The fabric administrator doesn’t get automatic access. This effectively means that the administrator on the guest operating system of the VM ends up being the virtualization administrator in shielded VM scenarios, not the owner of the host infrastructure as would be the case with typical standard virtualization deployment. This makes shielded VMs a perfect choice for domain controllers, certificate services, and any other VM running a workload with a particularly high business impact.
This transfer of virtualization administrator capabilities begs the question of what to do, then, when a VM is borked and you can no longer access it over the network. This is what the “repair garage” is for. An administrator can park a broken VM inside another shielded VM that is functional and use nested virtualization (Hyper-V within Hyper-V) to run it, connect to the shielded repair garage over RDP like any other shielded VM, and make repairs to the nested broken VM within the safe confines of the shielded garage VM. Once repairs are complete, the fabric administrator can back the newly repaired VM out of the shielded repair garage and put it back onto the protected fabric as if nothing had happened.
The guarded fabric can run in a couple of modes: First, to make initial adoption simpler, there is a mode where the fabric administrator role is still trusted. You can set up an Active Directory trust and a group in which these machines can register, and then you can add Hyper-V host machines to that group to gain permission to run shielded VMs. This is a weaker version of the full protection, since the fabric administrator is trusted and there are no hardware-rooted trust or attestation checks for boot and code integrity.
The full version is when you register each Hyper-V host’s TPM with the host guardian service and establish a baseline code integrity policy for each different piece of hardware that will host shielded VMs. With the full model, the fabric administrator is not trusted, the trust of the guarded hosts is rooted in a physical TPM, and the guarded hosts have to comply with the code integrity policy for keys to decrypt the shielded VMs to be released.
Other notes about how shielded VMs behave and requirements for running them:
- Guarded hosts require you to be running Windows Server 2016 Datacenter edition—the more expensive one, of course. This feature does not exist in Standard edition.
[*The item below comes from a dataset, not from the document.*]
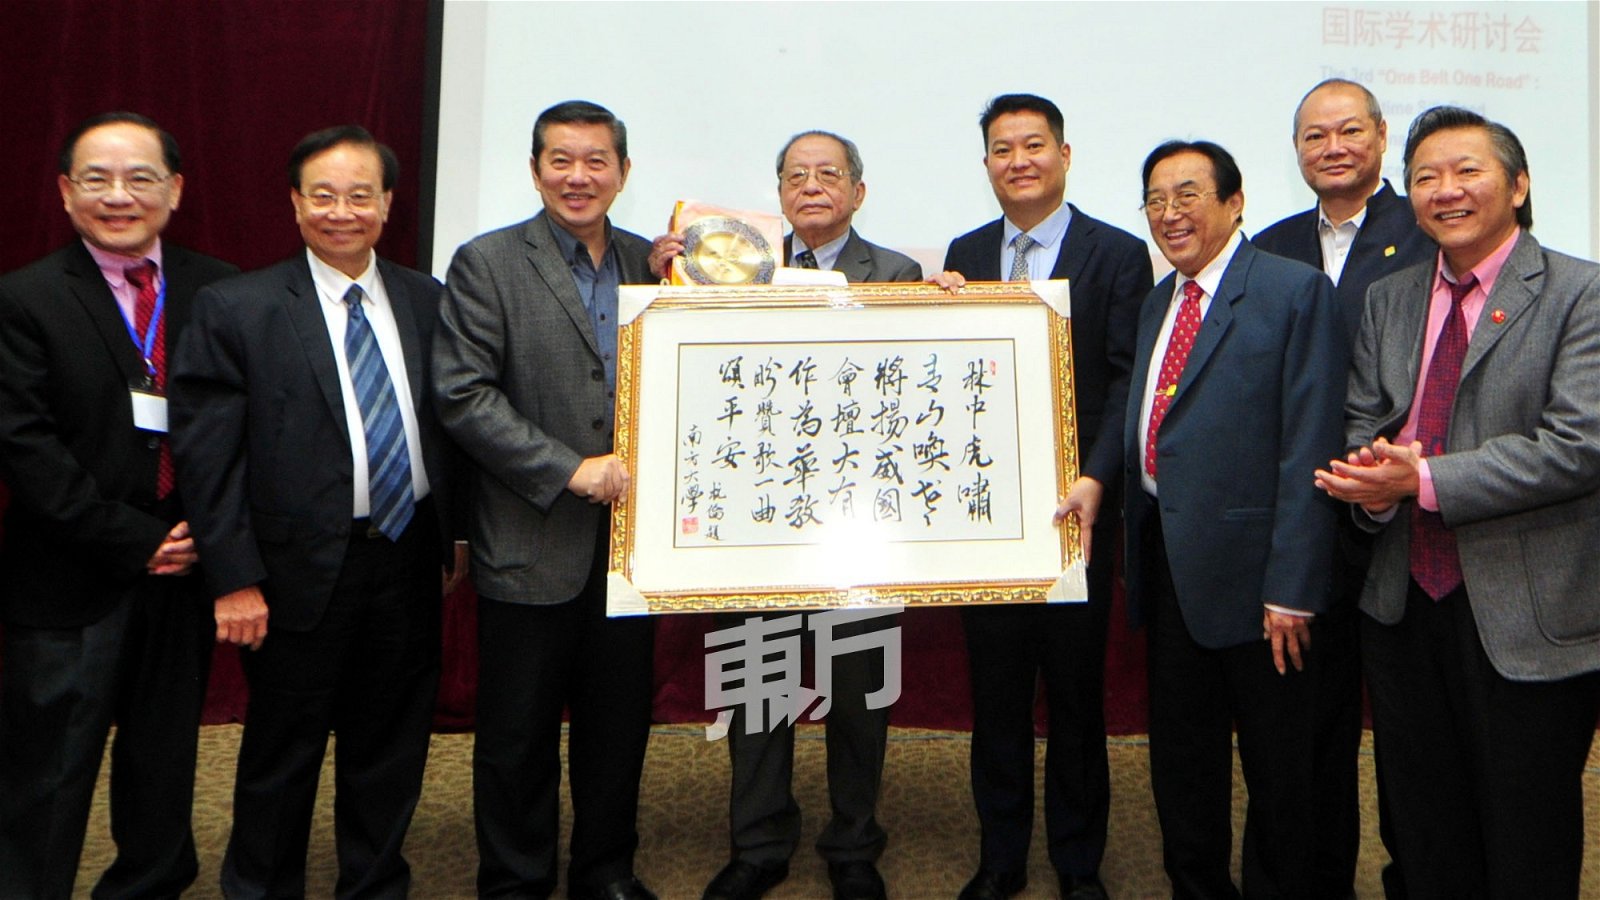 林吉祥（左4）接领南方大学学院领导层赠送纪念品。左起为王润华、张瑞发、莫泽浩、陈洺臣、黄循积、刘国胜及祝家华。（摄影：杨金森）

- Windows Nano Server is not only supported in this scenario, it is recommended. Nano Server can be both the guest operating system within a shielded VM as well as handle the guarded Hyper-V host role as well as run the HGS. Nano Server is a great lightweight choice for the latter two roles, in my opinion.
- Shielded VMs can only be Generation 2 VMs, which necessitates that the guest operating systems be Windows 8 and Windows Server 2012 or newer (including Windows 10, Server 2012 and R2, and Server 2016.
- Contrary to what you might think, the vTPM is not tied to physical TPM on any particular server. For one, dividing up a physical TPM securely would be a real challenge. Secondly, the TPM has to move with the VM so that shielded VMs maintain all of the high availability and fault tolerance capabilities (Live Migration and so on) that regular VMs have.
The last word
The rush to virtualize all things has left a key attack vector virtually unprotected until now. Using shielded VMs adds a super layer of security to the applications that you have right now, even those that are running on Linux. Think of shielded VMs as the anti-Edward Snowden -- protection against the rogue administrator. It could make Windows Server 2016 easily worth the price of admission for your business.